Task to complete -
Repeat everything in the listing exactly, except for the images.

Given material START

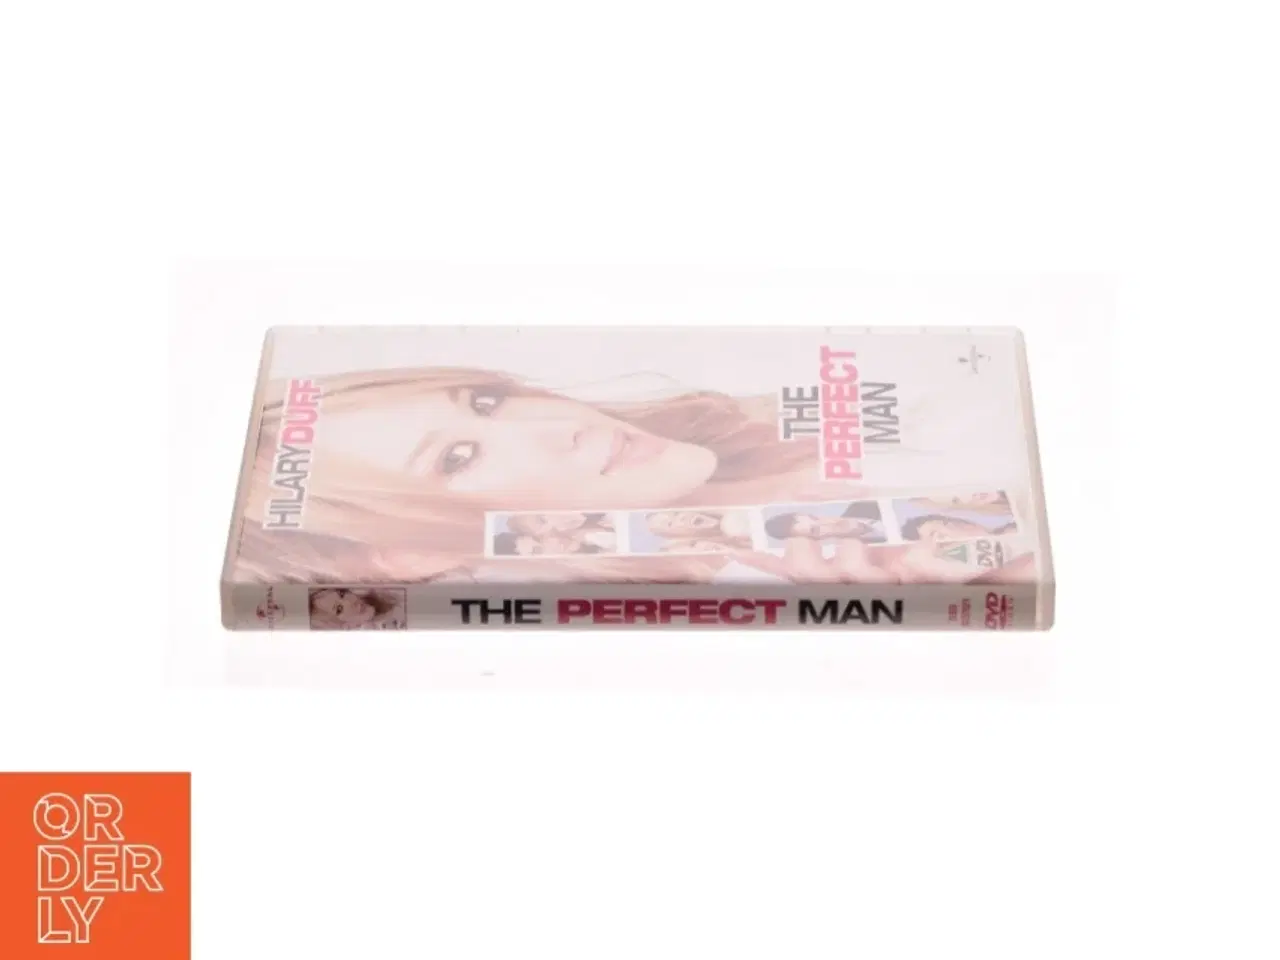 Billede 2 - Perfect Man fra DVD
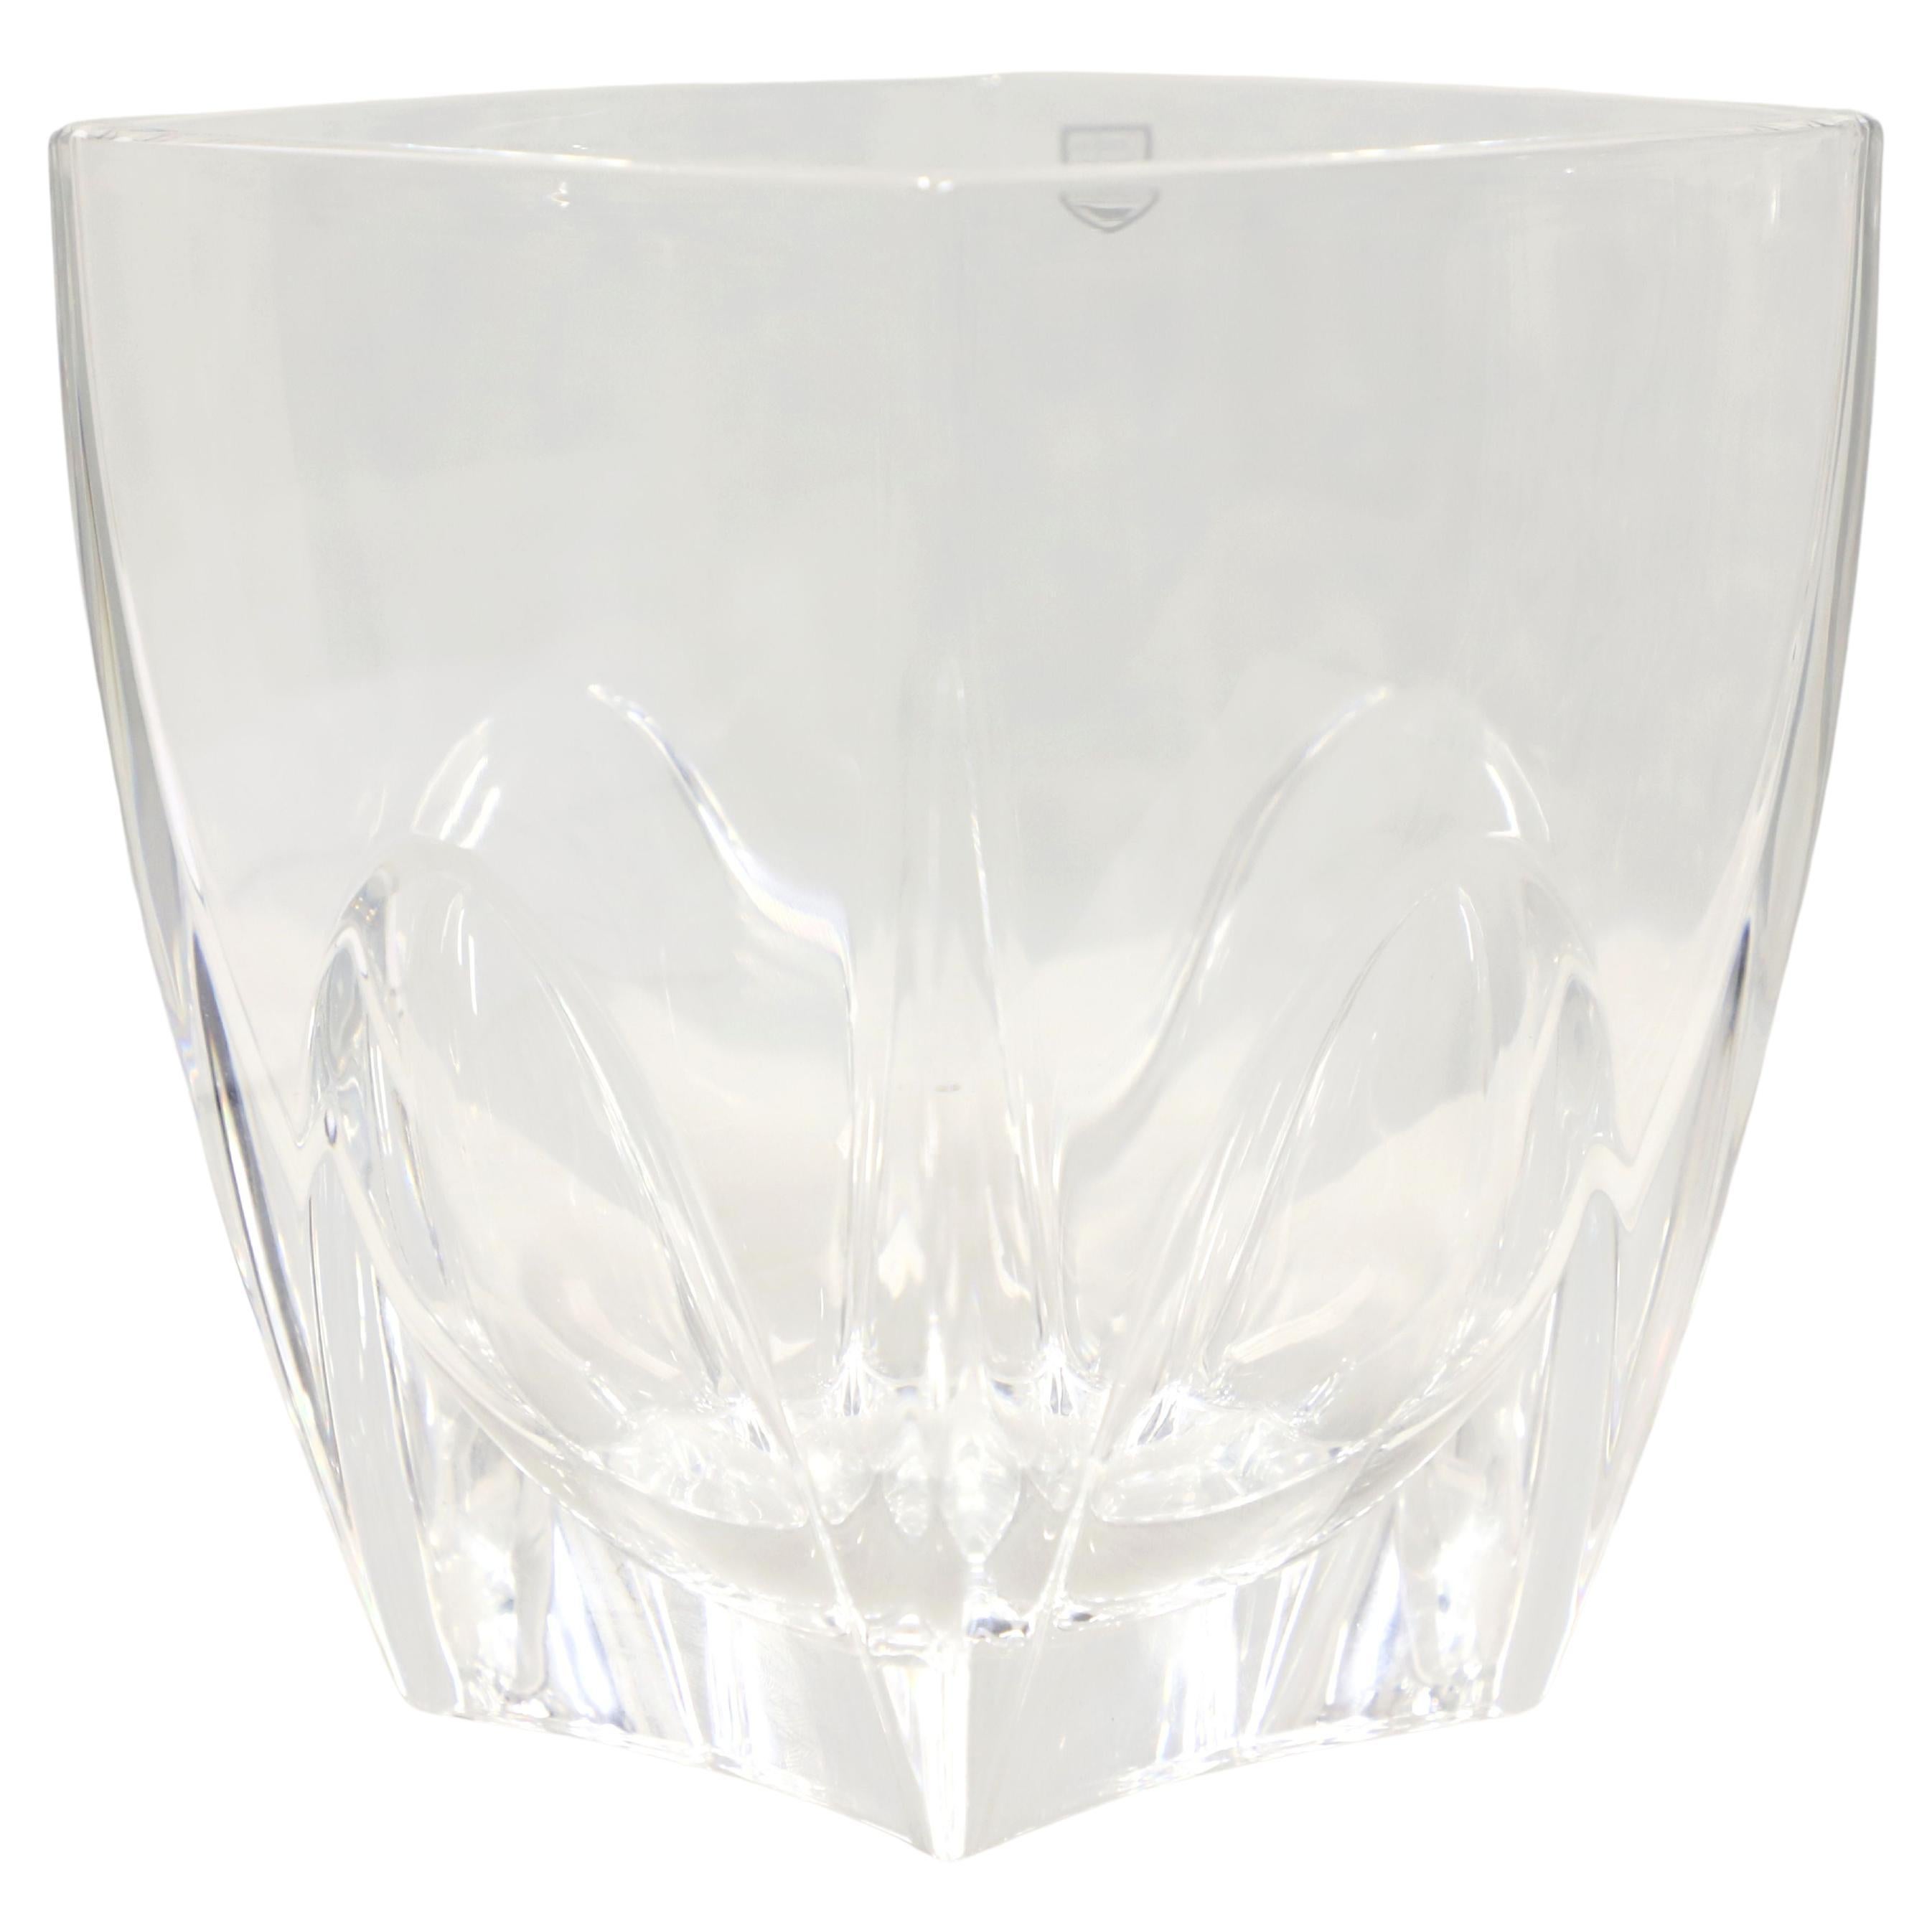 ORREFORS Sweden 7" Square Clear Crystal Vase - A For Sale
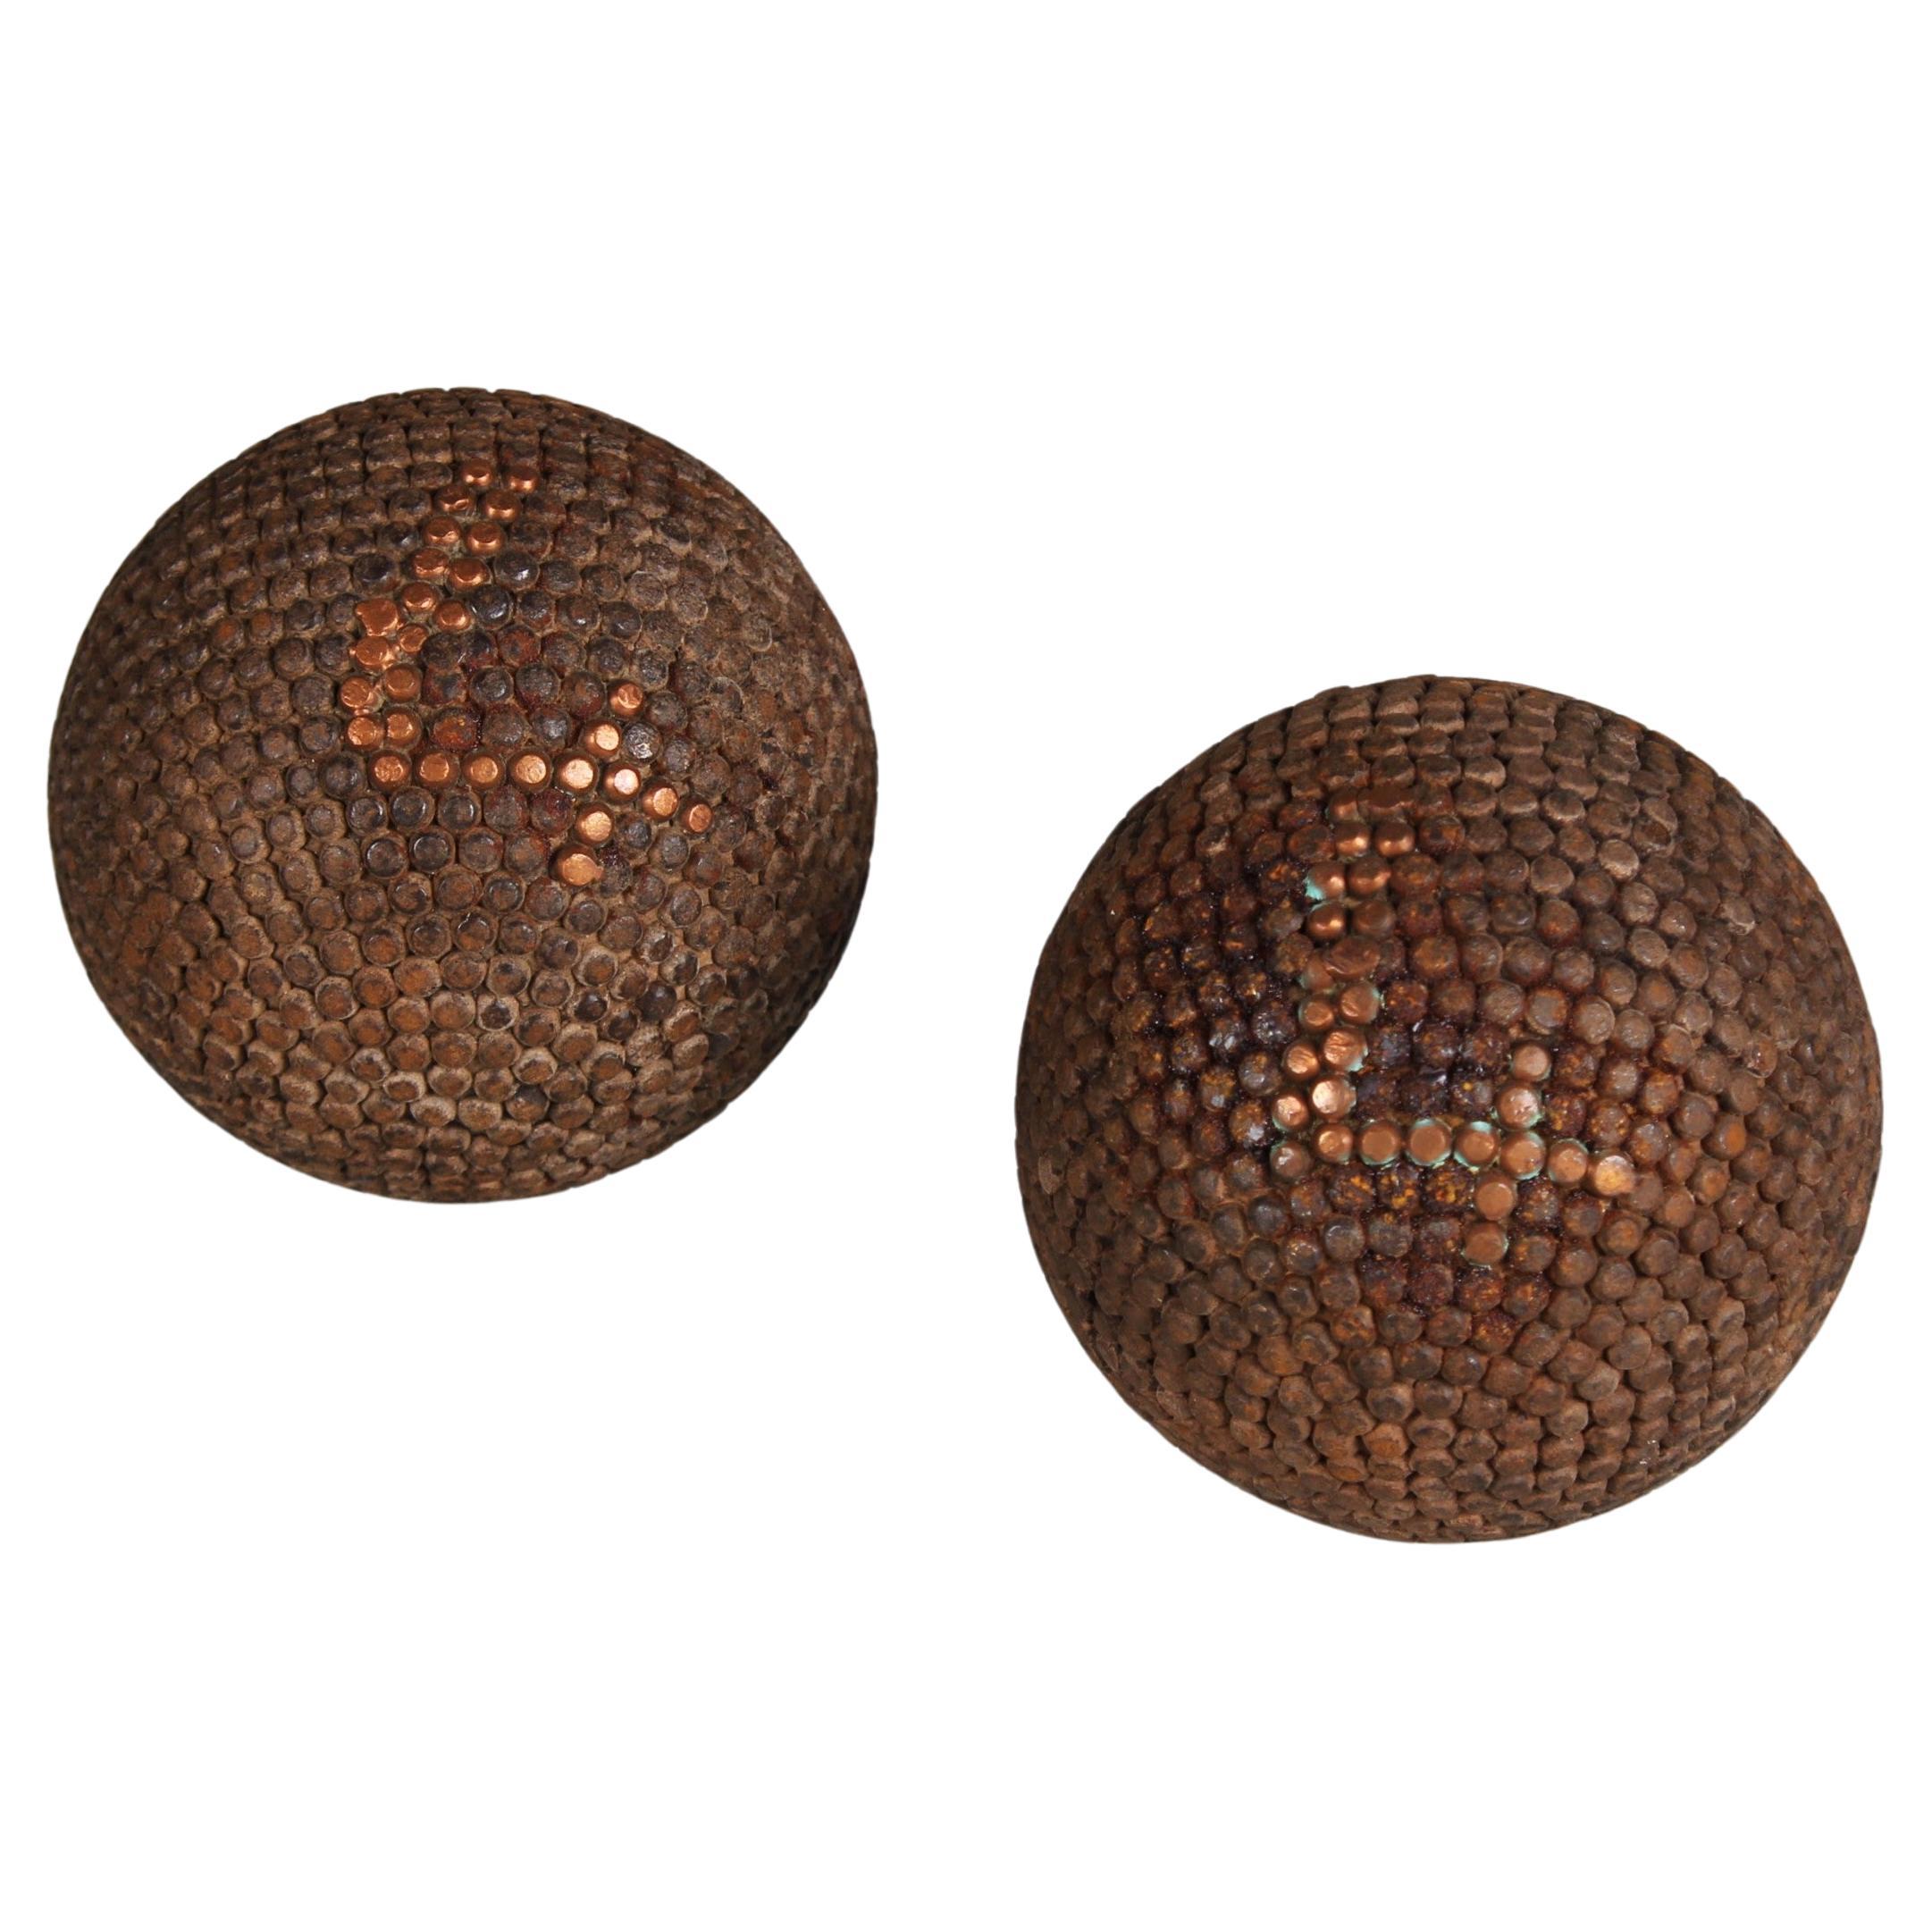 Pair Of Antique Boule Balls "4", Pétanque, 1880s, France, Craftsmanship

Given material END

Answer box -
 Billede 2 - Perfect Man fra DVD
 ORREFORS Sweden 7" Square Clear Crystal Vase - A For Sale
 Pair Of Antique Boule Balls "4", Pétanque, 1880s, France, Craftsmanship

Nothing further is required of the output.